Band keratopathy, calcium salts in Bowman's layer, is the most classic form of corneal calcification seen in the clinical practice.[1] However, calcareous degeneration of the entire cornea is a very rare complication. Axenfeld, in the early 1900s, reported a bilateral case in an 8-year-old with a massive deposition of calcium phosphate located in the superficial and central strata of the parenchyma, slightly affecting Bowman's membrane and leaving the epithelium intact.[2] Secondary corneal calcium deposits were described due to hypercalcemic states, inherited and systemic diseases, anterior segment (AS) chronic inflammatory conditions, and chemical interaction (eyedrops with preservative).[345678]

We describe a rare case of idiopathic bilateral calcareous degeneration of the cornea in a young adult, including AS optic coherence tomography (AS-OCT) and histopathological evaluation.

Case Report

A 26-year-old male Caucasian patient attended/presented at our Cornea and External Diseases Division with moderate visual loss in the right eye and severe visual loss in the left eye over the past 3 years. Visual acuity (Snellen) was 20/60 (0.48 logMAR) in the right eye and <20/400 (1.3 logMAR) in the left. The patient had no history of ocular or systemic disease, eyedrop use, trauma, familial visual impairment, or corneal dystrophy. Slit-lamp examination revealed a quiet and deep anterior chamber, no evidence of conjunctival inflammation, clear lenses, and deep and superficial crystalline corneal deposits without edema. Corneal deposits were mostly seen deeply in the posterior stromal/Descemet's from periphery to the center, central subepithelium, and Bowman's in the right eye [Fig. 1]. In the left eye, full-thickness deposits were noted [Fig. 2]. Epithelium was spared in both eyes. Pupil reflex, iris, intraocular pressure, and fundoscopy were normal.

Figure 1

Right eye biomicroscopic: Subepithelial and posterior stroma/Descemet's membrane calcium deposits

Figure 2

Left eye biomicroscopy: Dense full-thickness calcium depositsmembrane

Laboratory parameters revealed a serum calcium level of 9.92 mg/dL (normal range, 8.5–10.5 mg/dL) and an alkaline phosphate concentration of 141 U/L (normal range, 37–147 U/L). We also performed 24-h urine calcium test that was also considered normal (97 mg/dL, normal range 25–300 mg/dL).
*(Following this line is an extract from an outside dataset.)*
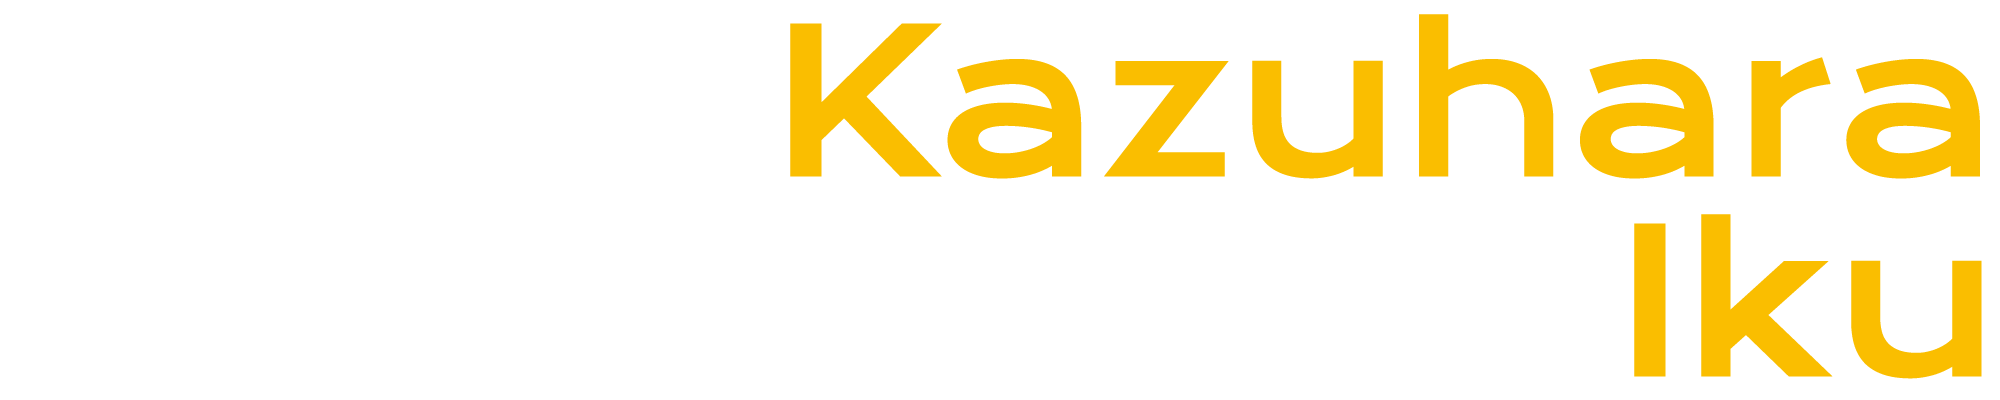 KAZUHARA Iku

Penetrating keratoplasty was performed in the left eye. No complication was reported during the procedure. Six-month postoperative best-corrected visual acuity was 20/30 (0.18 logMar). No signs of inflammation, rejection, or reappearance of the deposits in the corneal graft were observed.

Anterior segment optic coherence tomography

The AS-OCT images showed hyperintense signal that corresponded to intense calcium deposition in the Bowman's layer and posterior central stroma adjacent to Descemet's membrane in the left eye [Fig. 3]. Diffuse stromal calcium deposition is also observed. The right eye presented mild deposits in the same location in relation to the left eye [Fig. 4]. Increased pachymetry was observed in both the eyes.

Figure 3

Left eye anterior segment optic coherence tomography: Hyperintense signal mainly in Bowman's layer and posterior stroma/Descemet's membrane

Figure 4

Right eye anterior segment optic coherence tomography: Hyperintense signal on Bowman's layer and posterior stroma/Descemet's membrane. Central corneal thickness is enhanced

Histopathological findings

Receptor's cornea was fixed in 10% formalin for light microscopy. Paraffin sections were further processed with hematoxylin and eosin (H and E). The specimen was deparaffinized for ultrastructural study. For transmission electron microscopy, further processing included standard dehydration and embedding in epoxy resin. Multiple serial semithin sections (1 mm) were stained with paraphenylenediamine for phase-contrast microscopy. The ultrathin sections were doubly stained with uranyl acetate and lead citrate and examined with a transmission electron microscope. Corneal mineralization occurred more densely along the basement membrane and subepithelial stroma [Fig. 5]. Basophilic deposits stained with H and E were also observed in the posterior stroma and scattered in the central part of the stroma. Posterior stroma and Descemet's membrane detach resulted from the underlying deposit because of its brittleness. We consider that the cleft, especially that observed with mineralization or activated keratocytes, resulted from the weakening of adhesion in the posterior part of the corneal stroma.

Figure 5

Histopathology (H and E). Subepithelial and Descemet's membrane basophilic deposits. Epithelium and endothelium are detached

Discussion

Calcareous degeneration of the cornea in which calcium carbonate and phosphate are deposited as granules in the superficial layers of the cornea may be of primary or secondary origin. Secondary calcareous degenerations are more common and may occur in old scars, leukoma, atheromatous ulcers, or hypercalcemic states, such as sarcoidosis or osteoporosis.[9] Primary calcareous degeneration with no evidence of hypercalcemia is comparatively rare, and its etiology is not known. It is not clear why in some cases the degeneration progresses and interferes with visual acuity. The mechanism of interface calcium salt precipitation in our case is purely speculative.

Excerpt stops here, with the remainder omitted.